For codes, concatenate a URI identifying the code system, the ‘#’ character, and a code taken from the code system.

For example, the U.S. NPI number 1234567890 can be represented as urn:oid:2.16.840.1.113883.4.6#1234567890 and the purpose of use treatment can be represented as urn:oid:2.16.840.1.113883.5.8#TREAT.

Submitting a token request

Authorization code grant

Client applications using the authorization code grant and authenticating with a private key and Authentication Token as per Section 5.2.1 SHALL submit a POST request to the Authorization Server’s token endpoint containing the following parameters as per Section 5.1 of UDAP JWT-Based Client Authentication. Client apps authenticating in this manner SHALL NOT include an HTTP Authorization header or client secret in its token endpoint request.

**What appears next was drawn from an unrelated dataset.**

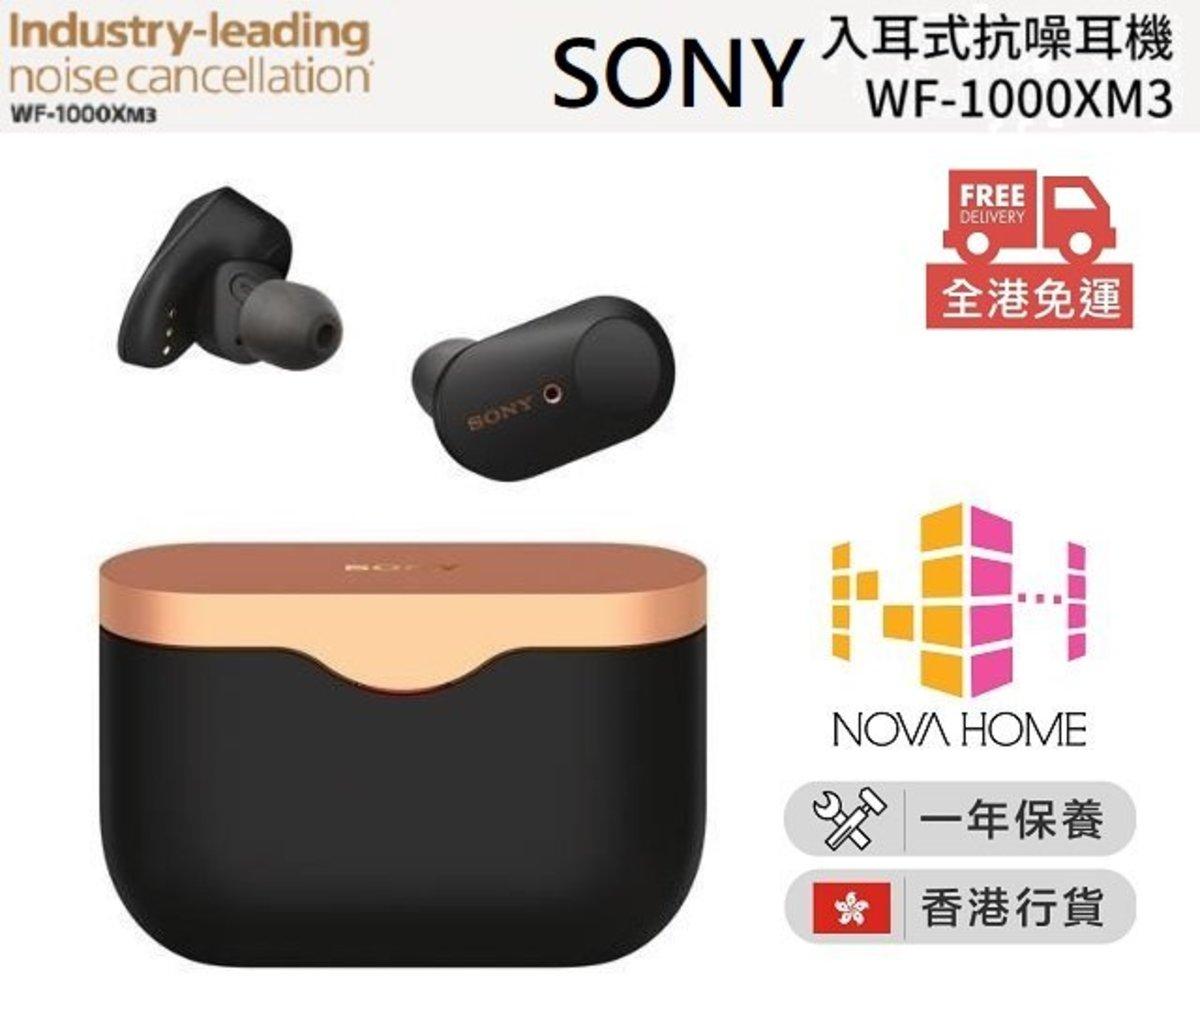 Sony WF-1000XM3 全無線降噪耳機 黑色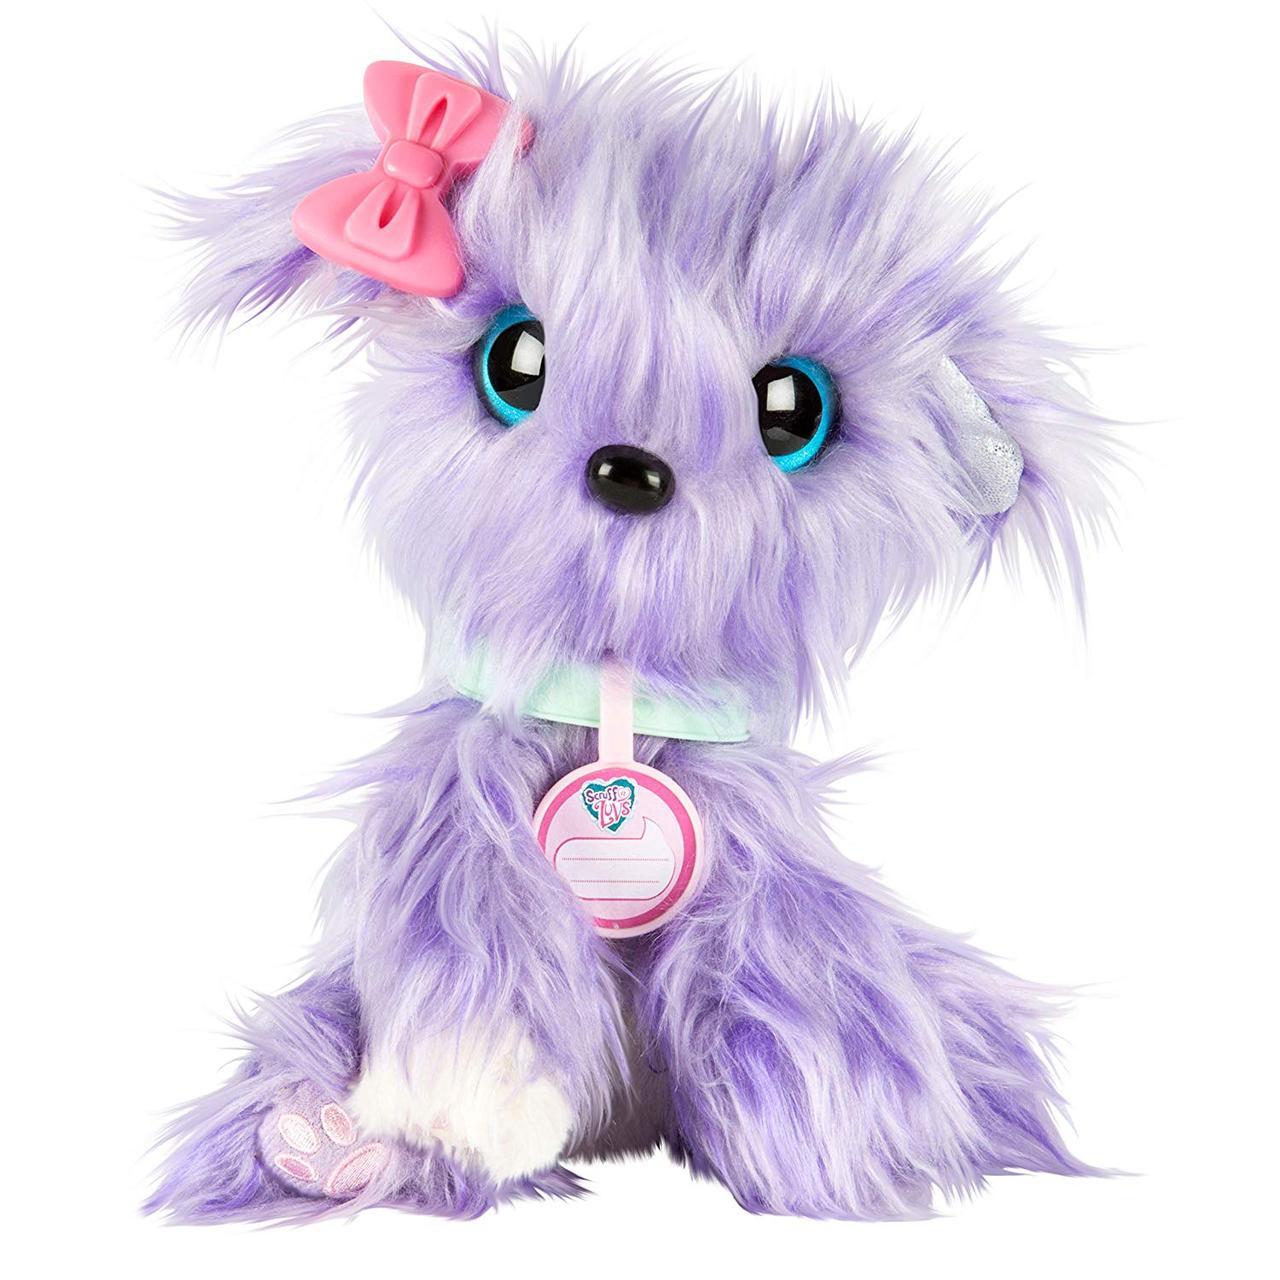 Little Live Вихованець сюрприз Няшка блукаюча зурка Фіолетовий Scruff-a-Luvs plush mystery rescue pet Purple

The token request SHALL include the following parameters:

Token request parameters
grant_type required Fixed value: authorization_code
code required The code that the app received from the Authorization Server
redirect_uri conditional The client application's redirection URI. This parameter SHALL be present only if the redirect_uri parameter was included in the authorization request in Section 5.1, and their values SHALL be identical.
client_assertion_type required Fixed value: urn:ietf:params:oauth:client-assertion-type:jwt-bearer
client_assertion required The signed Authentication Token JWT
udap required Fixed value: 1
Client credentials grant

Client applications using the client credentials grant and authenticating with a private key and Authentication Token as per Section 5.2.1 SHALL submit a POST request to the Authorization Server’s token endpoint containing the following parameters as per Section 5.2 of UDAP JWT-Based Client Authentication. Client apps authenticating in this manner SHALL NOT include an HTTP Authorization header or client secret in its token endpoint request. The token request SHALL include the following parameters:

Token request parameters
grant_type required Fixed value: client_credentials
client_assertion_type required Fixed value: urn:ietf:params:oauth:client-assertion-type:jwt-bearer
client_assertion required The signed Authentication Token JWT
udap required Fixed value: 1

An Authorization Server receiving token requests containing Authentication Tokens as above SHALL validate and respond to the request as per Sections 6 and 7 of UDAP JWT-Based Client Authentication.

For all successful token requests, the Authorization Server SHALL issue access tokens with a lifetime no longer than 60 minutes.

This guide does not currently constrain the type or format of access tokens issued by Authorization Servers. Note that other implementation guides (e.g. SMART App Launch, IUA, etc.), when used together with this guide, may limit the allowed access token types (e.g. Bearer) and/or formats (e.g. JWT).

Refresh tokens

This guide supports the use of refresh tokens, as described in Section 1.5 of RFC 6749. Authorization Servers MAY issue refresh tokens to B2B client applications that use the authorization code grant type as per Section 5 of RFC 6749. Refresh tokens are not used with the client credentials grant type. Client apps that have been issued refresh tokens MAY make refresh requests to the token endpoint as per Section 6 of RFC 6749. Client apps authenticate to the Authorization Server for refresh requests by constructing and including an Authentication Token in the same manner as for initial token requests.